ENTRIES SUPPLIED Start Marker

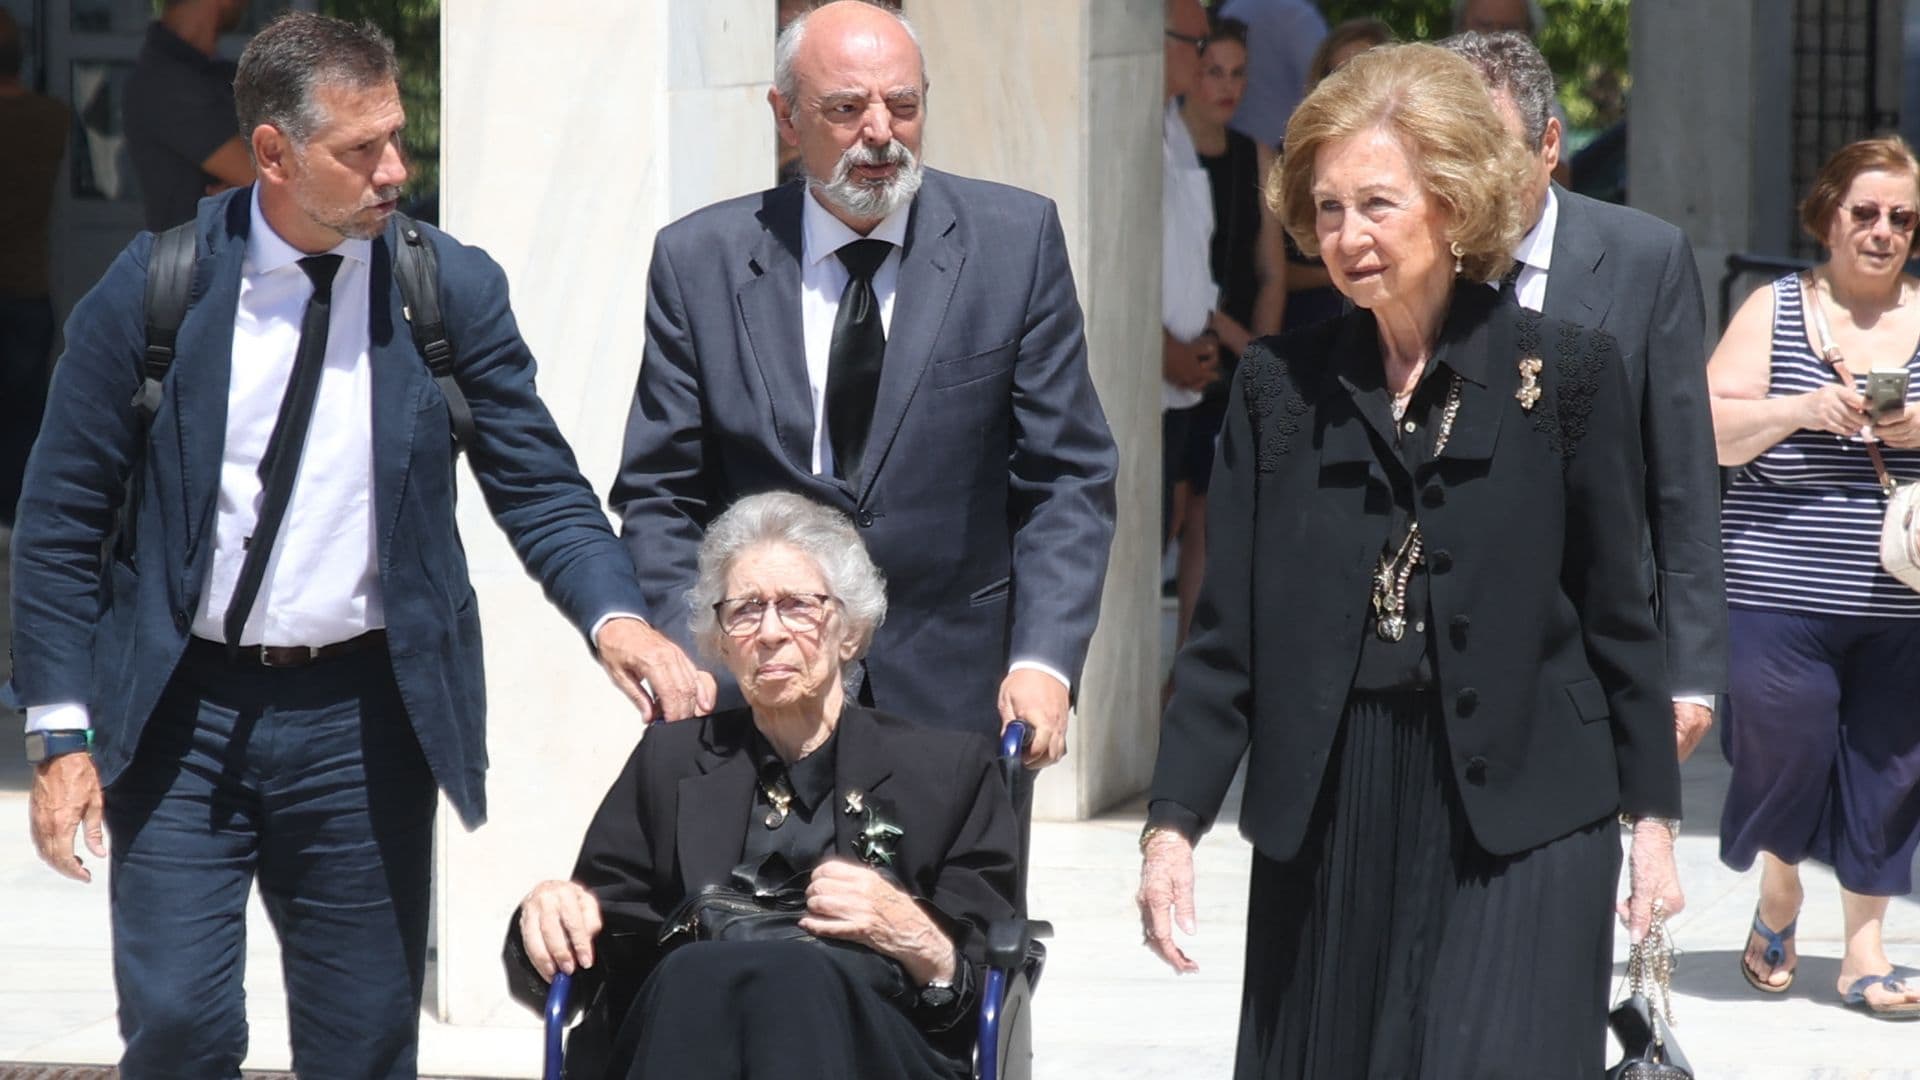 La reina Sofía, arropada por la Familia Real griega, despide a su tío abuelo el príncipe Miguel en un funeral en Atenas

ENTRIES SUPPLIED End Marker
ENTRIES SUPPLIED Start Marker

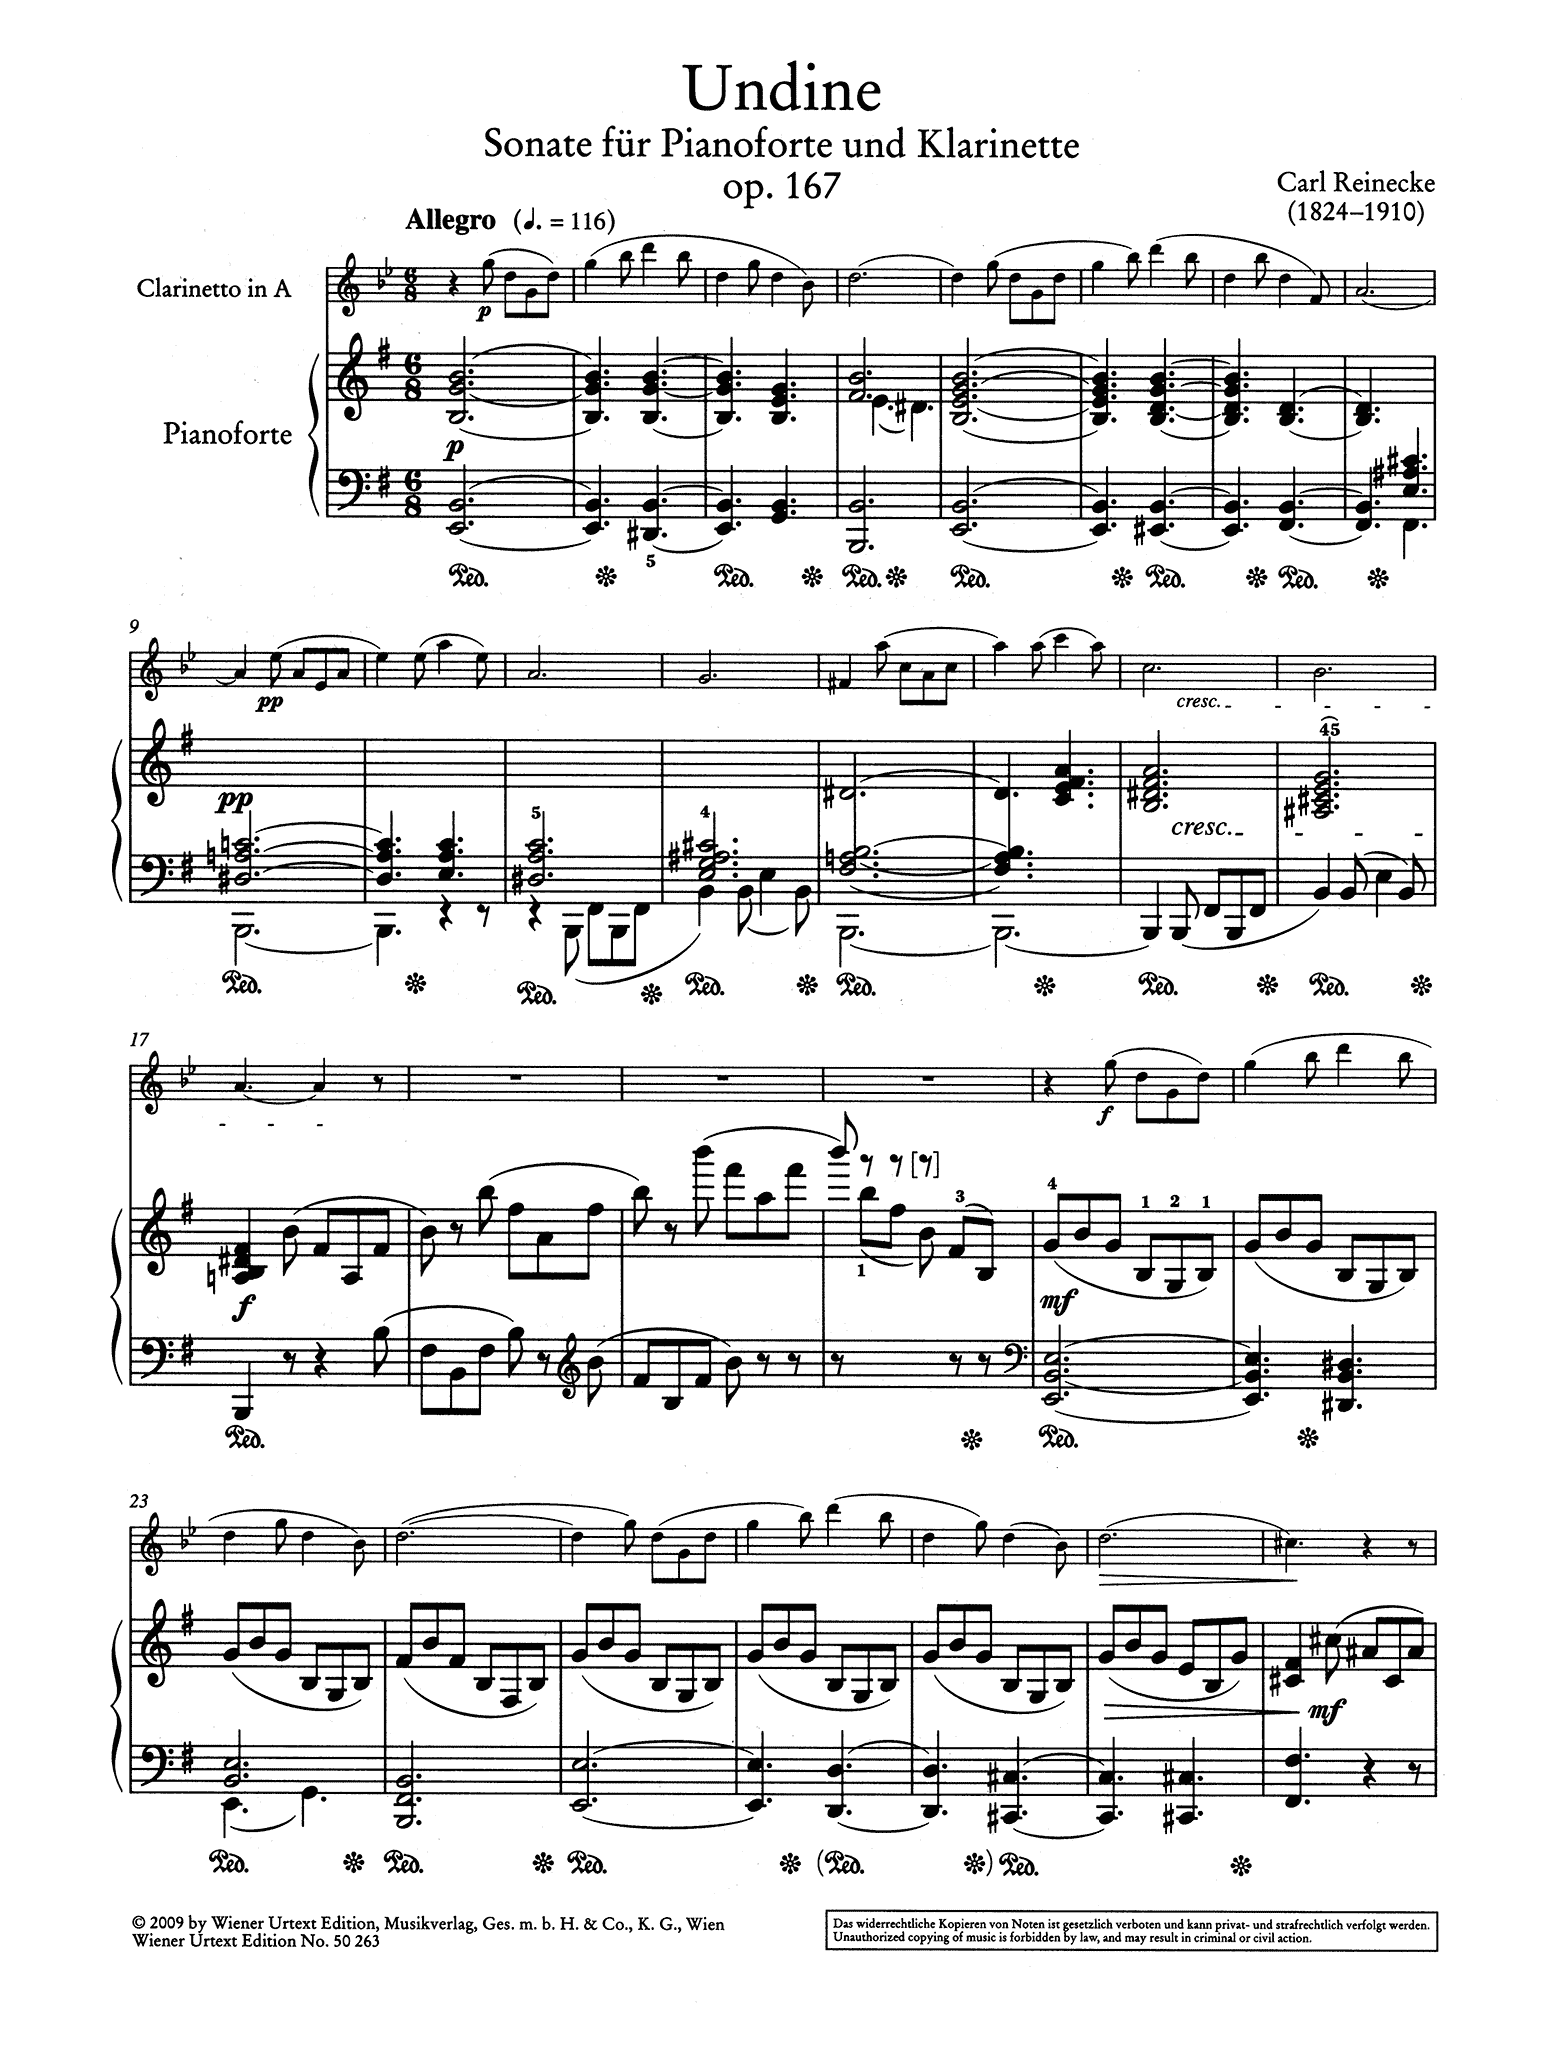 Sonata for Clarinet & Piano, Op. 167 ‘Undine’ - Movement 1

ENTRIES SUPPLIED End Marker
ENTRIES SUPPLIED Start Marker

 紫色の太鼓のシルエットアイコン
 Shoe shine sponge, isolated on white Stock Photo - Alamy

ENTRIES SUPPLIED End Marker

Look back at the data above. Transcribe exactly the lines starting at the line that contains "紫色の太鼓のシルエットアイコン" and ending at the line that contains "Shoe shine sponge, isolated".

- EXPECTED ANSWER:
 紫色の太鼓のシルエットアイコン
 Shoe shine sponge, isolated on white Stock Photo - Alamy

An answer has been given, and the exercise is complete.